Our architecture supports explainable agency, i.e., transparent reasoning and learning that makes contact with human concepts such as goals and beliefs. It encodes a theory of explanations comprising: (i) claims about representing, reasoning with, and learning knowledge to support relational descriptions of decisions; (ii) a characterization of explanations based on representational abstraction, and explanation specificity and verbosity; and (iii) a methodology for constructing such explanations. This theory is implemented in conjunction with the components summarized above—see Figure 1(right). The robot then provides on-demand relational descriptions of decisions and beliefs in response to diferent types of questions (e.g., descriptive, contrastive, counterfactual) posed by a human. The human is able to interactively obtain descriptions at the desired abstraction, specificity, and verbosity, with the robot automatically constructing and posing disambiguation questions to the human as needed [ 6, 10 ]. Ad hoc teamwork: The final component of our architecture enables collaboration without prior coordination, known as ad hoc teamwork (AHT), with the ad hoc robot (agent) selecting and executing actions to collaborate with teammates it has not worked with before. This robot performs non-monotonic logical reasoning with prior commonsense domain knowledge and predictive models of the behavior of the other agents (i.e., teammates and opponents).
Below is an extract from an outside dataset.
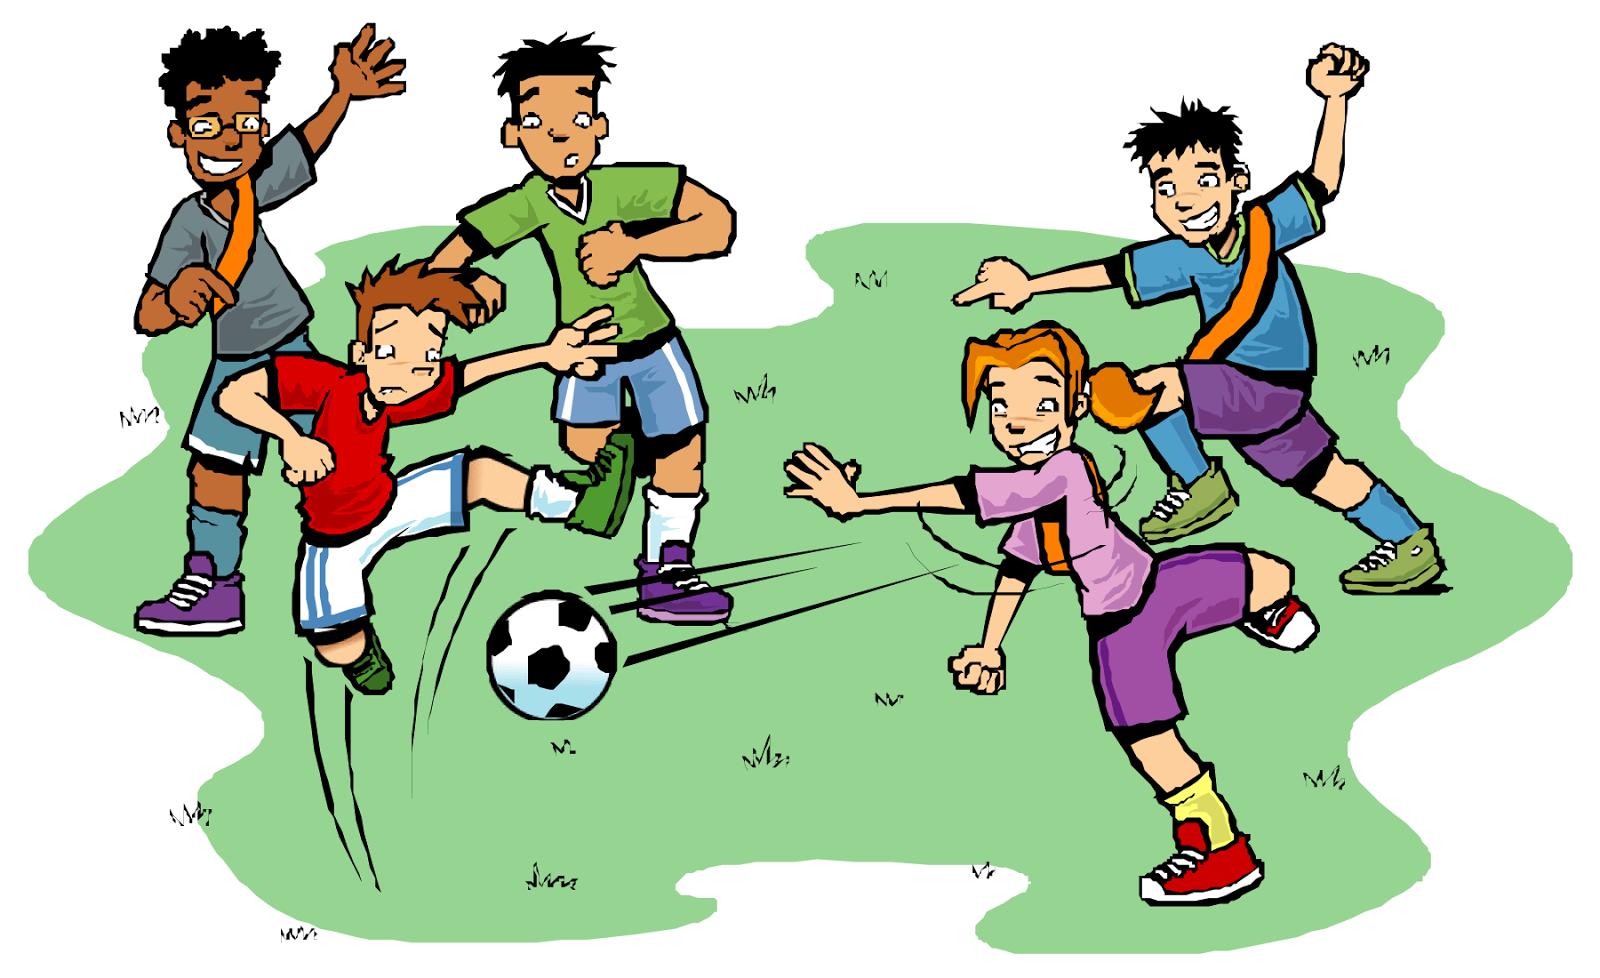 Mirzan Blog S Paling Keren Gambar Animasi Kartun Yang Sedang Bermain Futsal
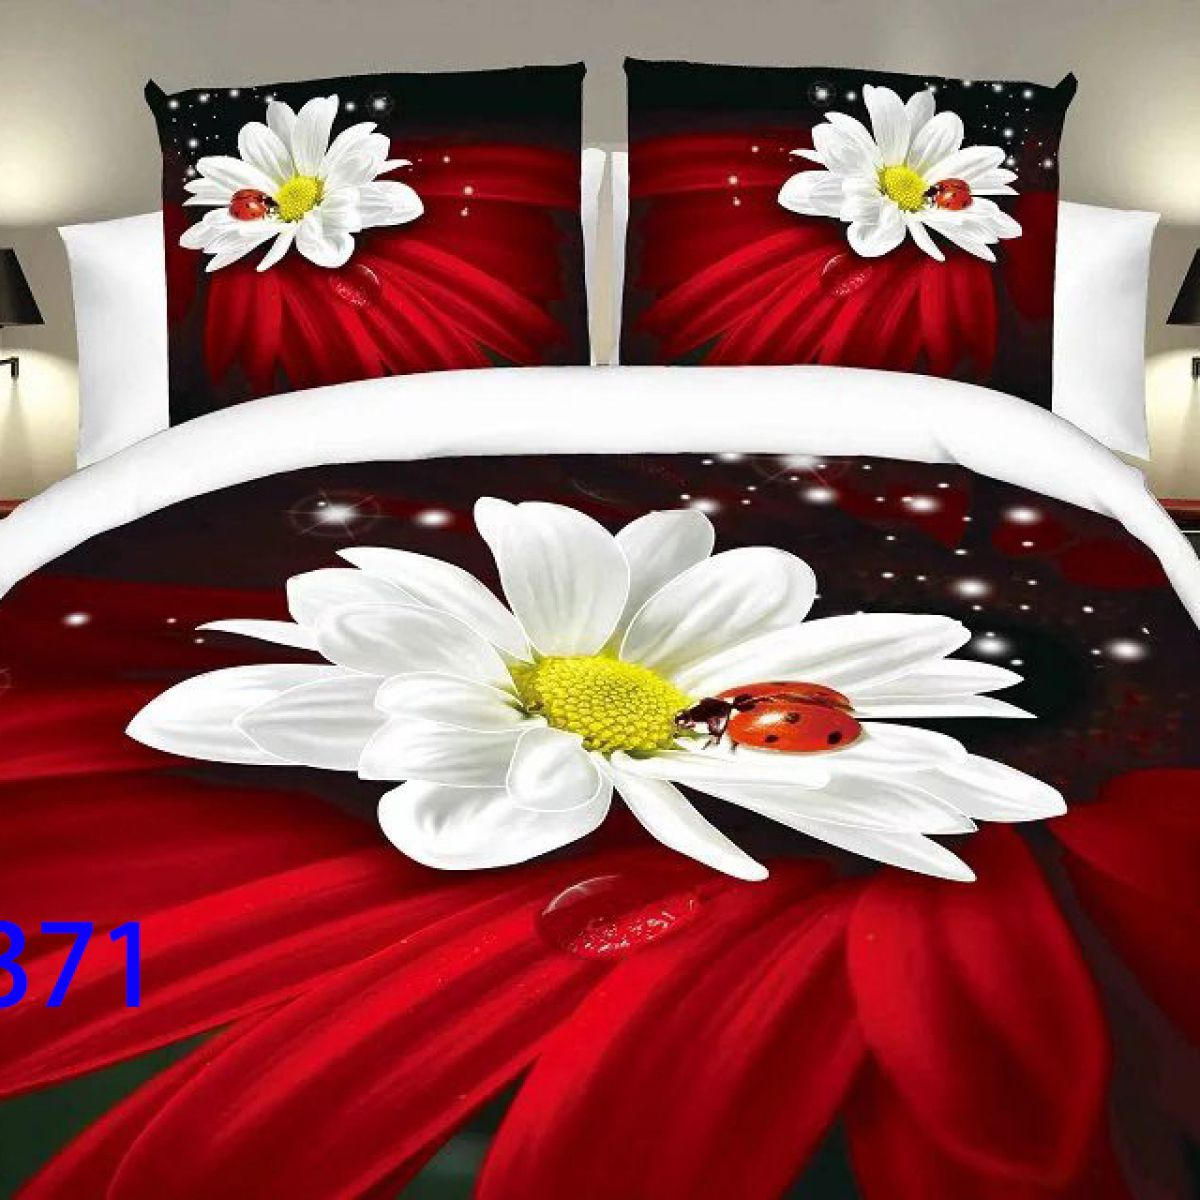 3D Beddings - Antonio - AML-371 - 160x200 cm - 4 pcs

Our architecture encodes the principle of ecological rationality, which builds on the principle of bounded rationality and focuses on using heuristic methods for adaptive satisficing in decision making [ 11 ]. For example, the models predicting the behavior of other agents in benchmark multiagent collaboration domains are learned and revised rapidly using an ensemble of fast and frugal trees, with the performance of the team being better than (or comparable with) that provided by state of the art deep network methods that require orders of magnitude more training examples and computational resources [ 12, 13 ].

3. Execution Traces and Results

The following execution traces demonstrate some capabilities of our architecture.

Execution Example 1. [Planning and learning]

The robot in the is asked to bring a cup to the , i.e., the goal state contains: (, ), _ℎ(1, ), where is a .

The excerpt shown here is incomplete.